The team’s breakthrough centered around the electroactive materials. While previous battery designs have used metals or toxic chemicals, the researchers wanted to find an organic compound that could be dissolved in water. Such a system would create a minimal impact on the environment, and would likely be cheap, they figured.

Through a combination of molecule design and trial-and-error, they found that certain naturally occurring quinones — oxidized organic compounds — fit the bill. Quinones are found in plants, fungi, bacteria and some animals, and are involved in photosynthesis and cellular respiration.

Currently, the quinones needed for the batteries are manufactured from naturally occurring hydrocarbons. In the future, the potential exists to derive them from carbon dioxide, Narayan said. The team has filed several patents in regards to design of the battery, and next plans to build a larger scale version.

USC isn’t the first to experiment with organic batteries. Japanese startup Power Japan Plus recently unveiled a new organic battery technology that generates twice as much energy as a lithium ion battery and charges 20 times faster. The company claims the technology could lead to cheaper long-range electric vehicles (EV) that can travel hundreds of miles on a charge and be charged in minutes rather than hours.

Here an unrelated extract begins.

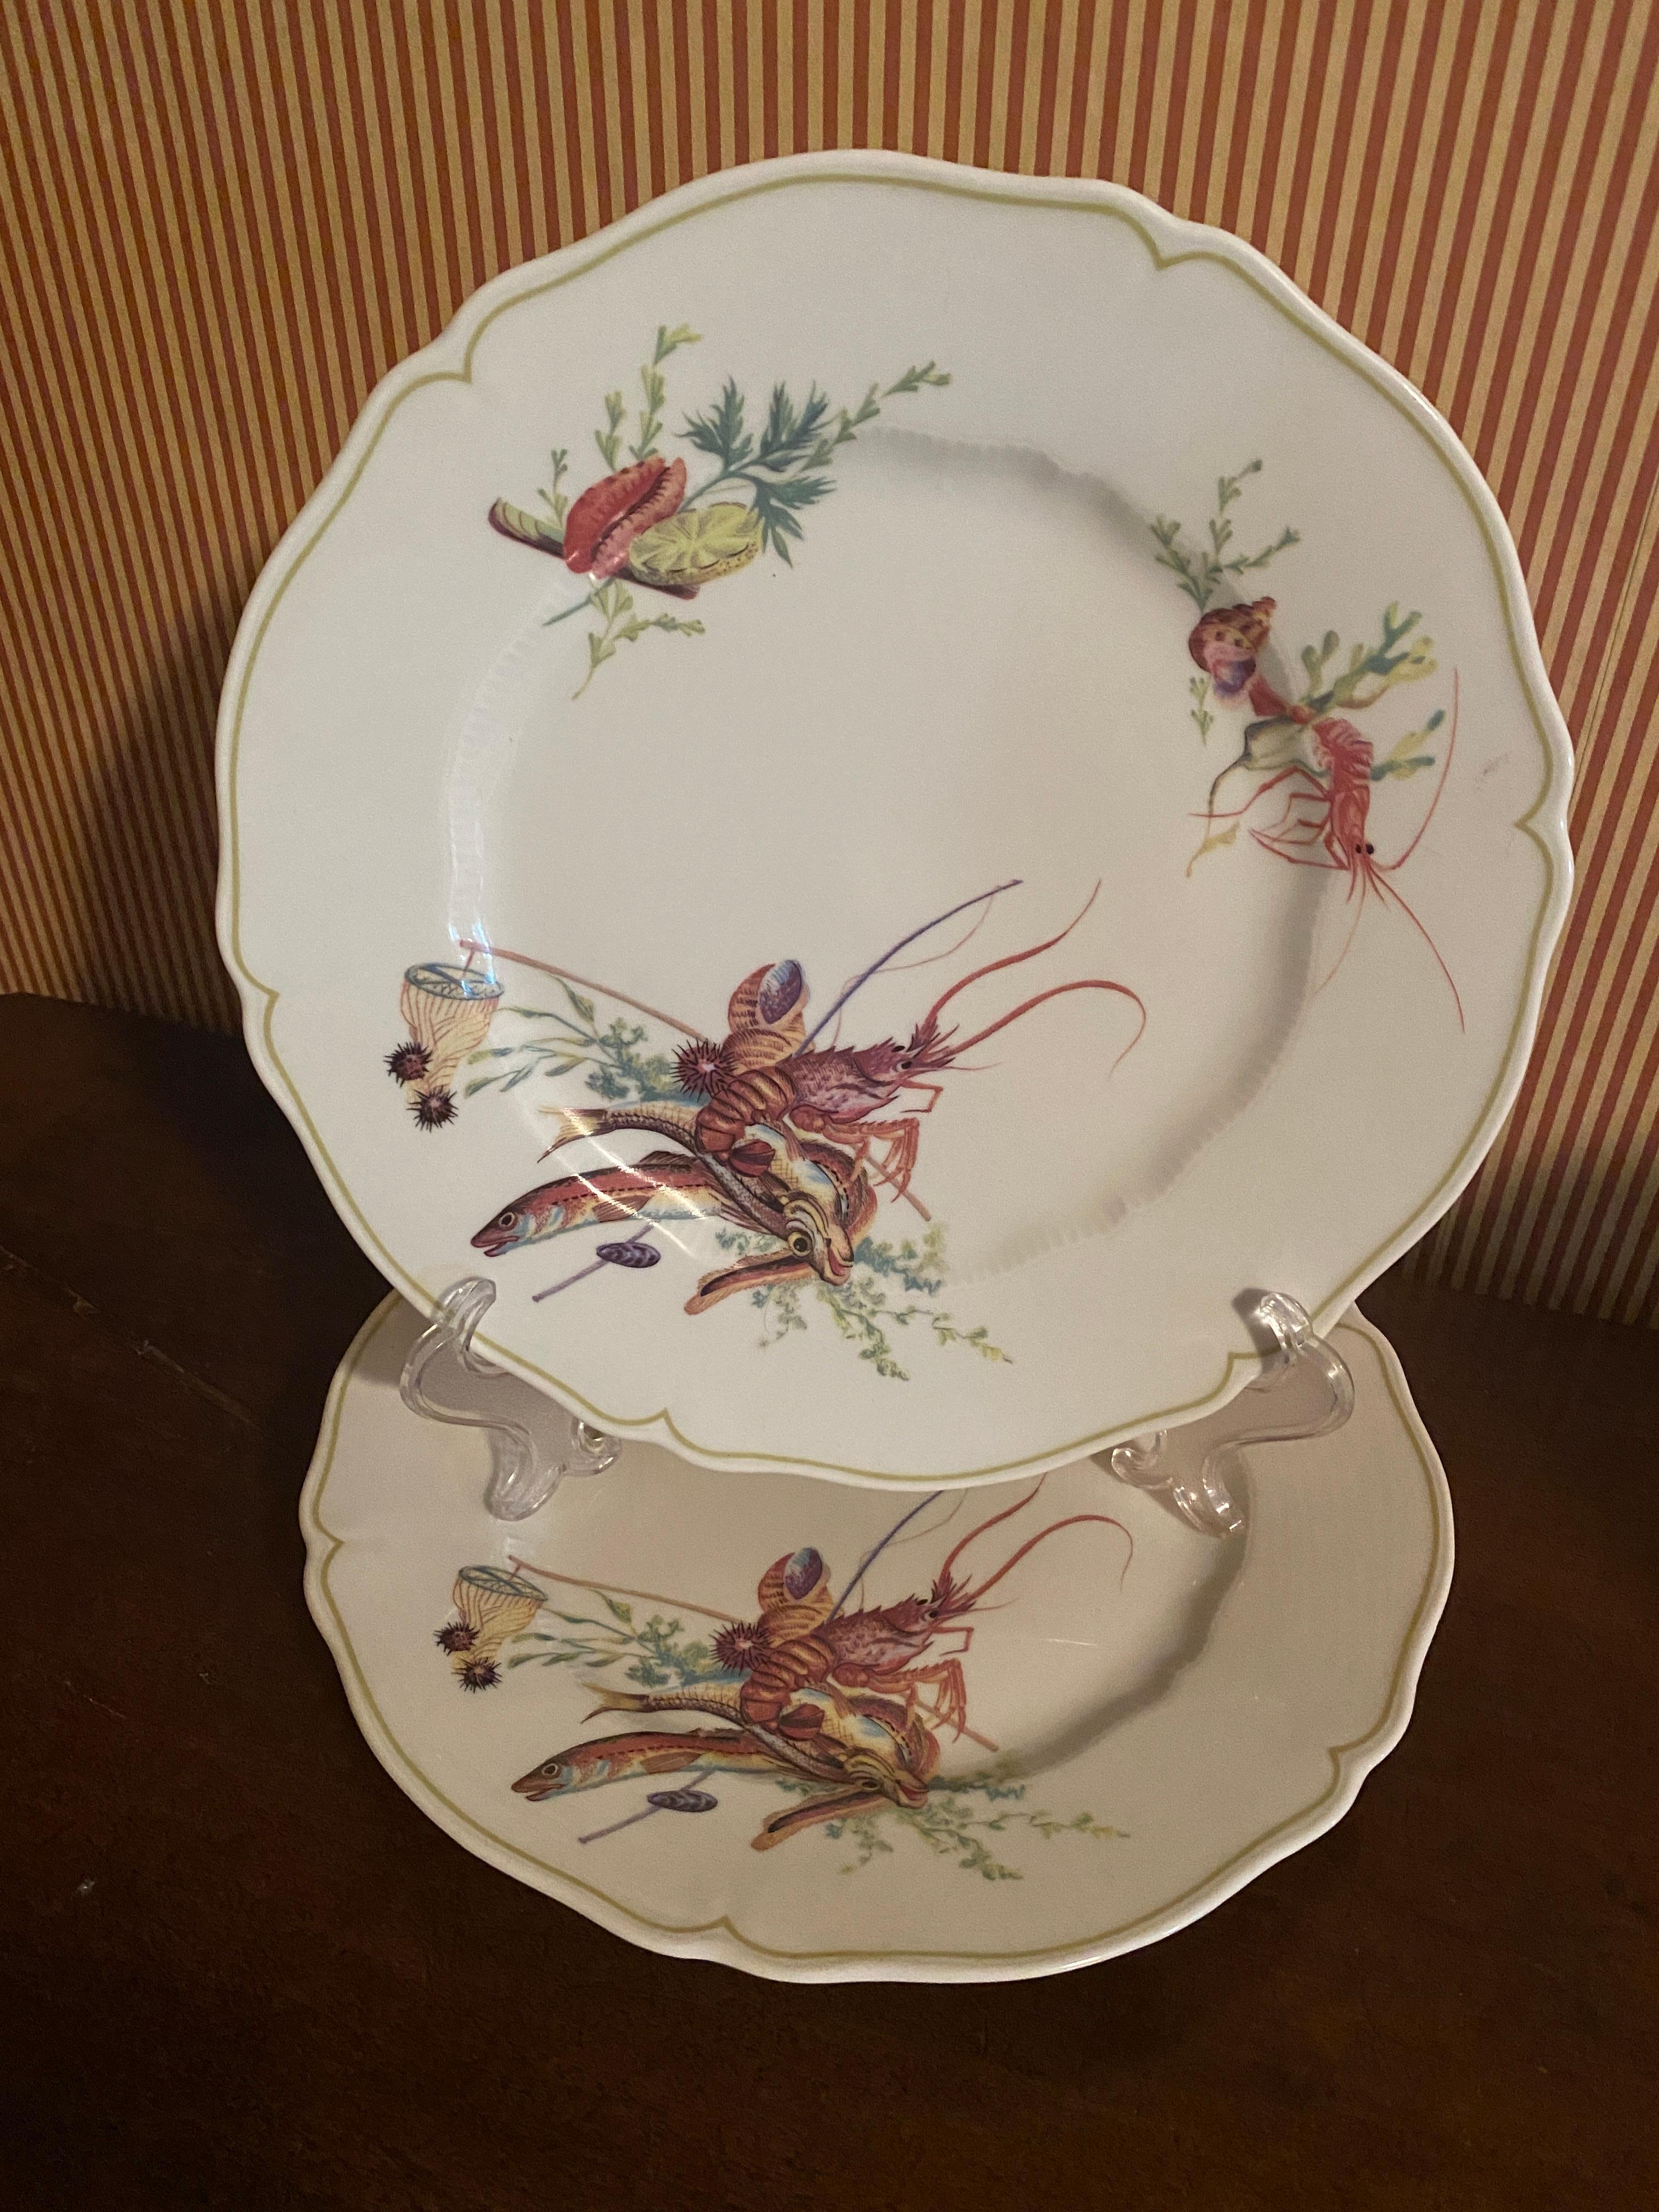 Set of 12 Havilland- Limoges Dinner Plates, Six Fish and Crustacean Designs For Sale 1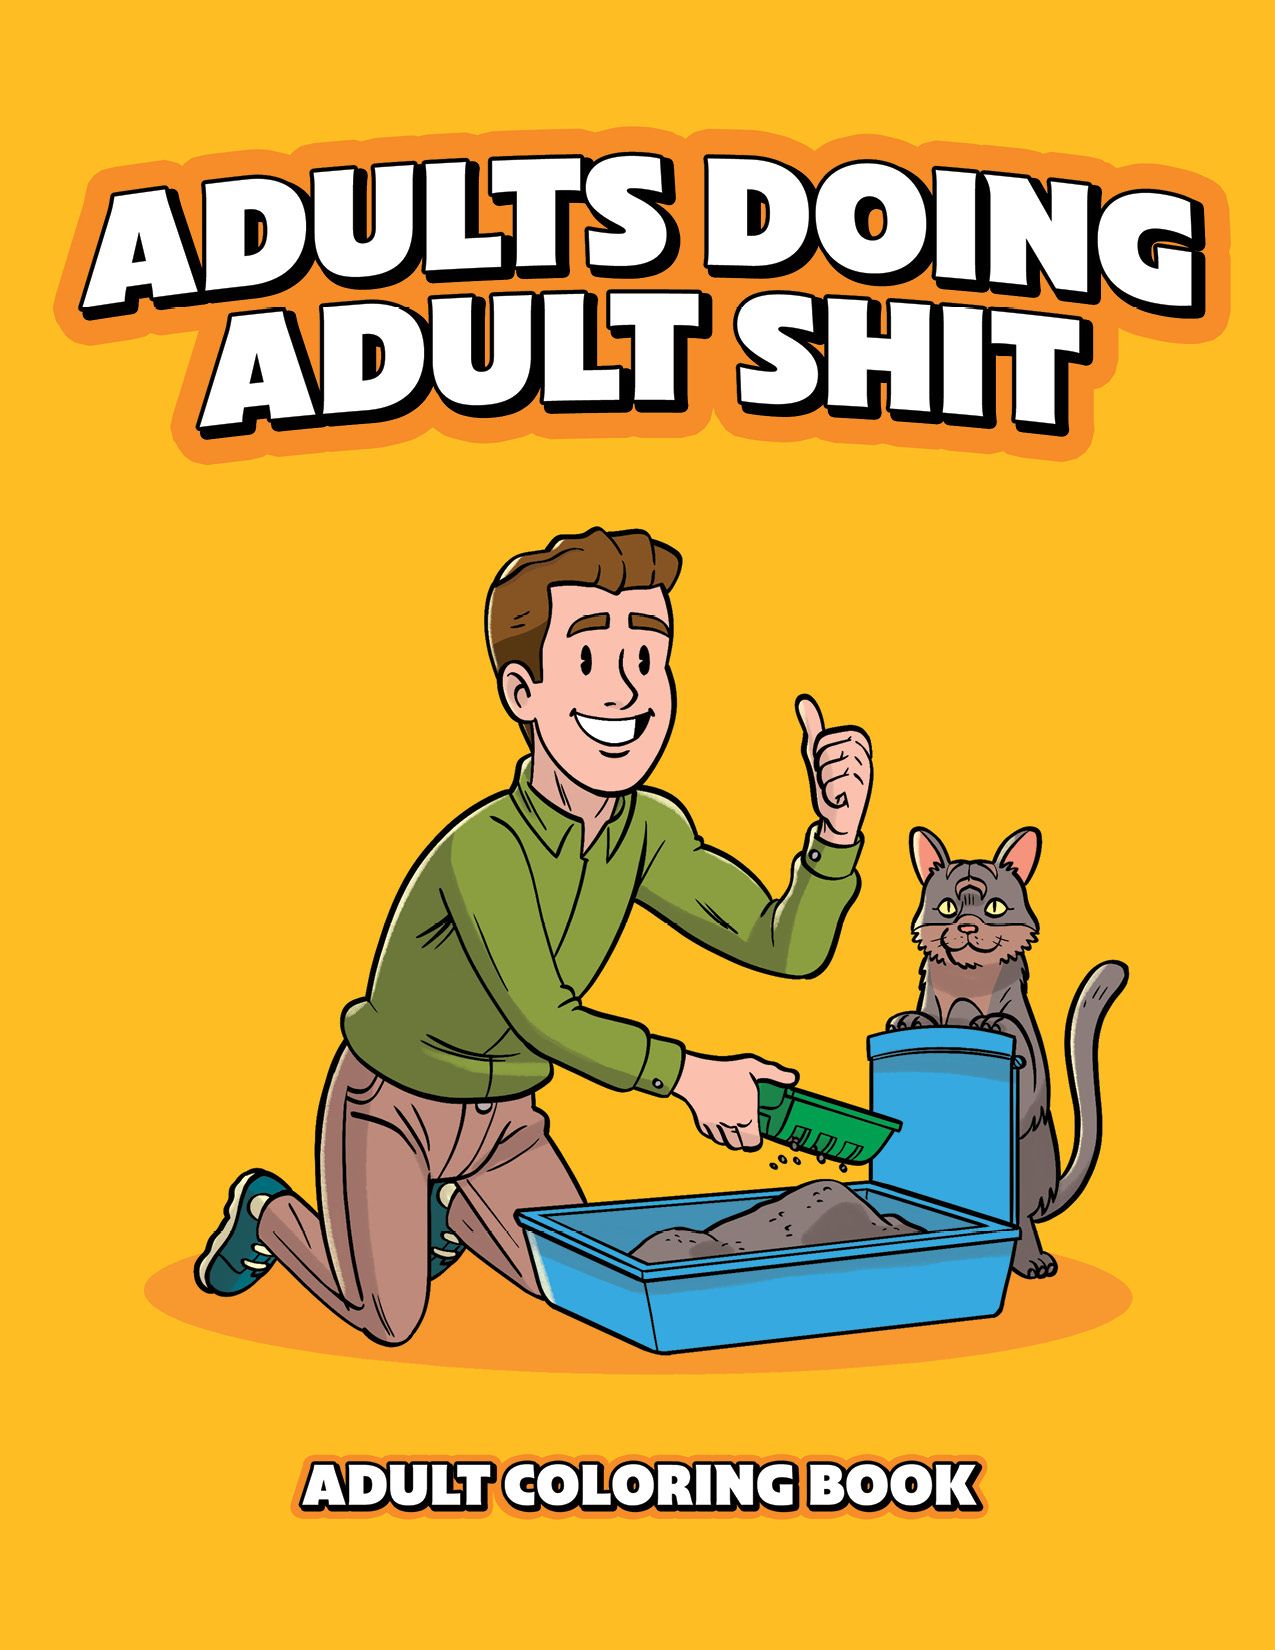 ADULTS DOING ADULT SHIT COLORING BOOK (NET)

Another Japanese company, Sumitomo, also recently announced that it had developed and installed the world's first large-scale power storage system that utilizes used electric-vehicle (EV) batteries. Over the next three years, the system will measure the smoothing effect of energy output fluctuation from the nearby Hikari-no-mori solar farm, and will aim to establish a large-scale power storage technology by safely and effectively utilizing the huge quantities of discarded used EV batteries which will become available in the future.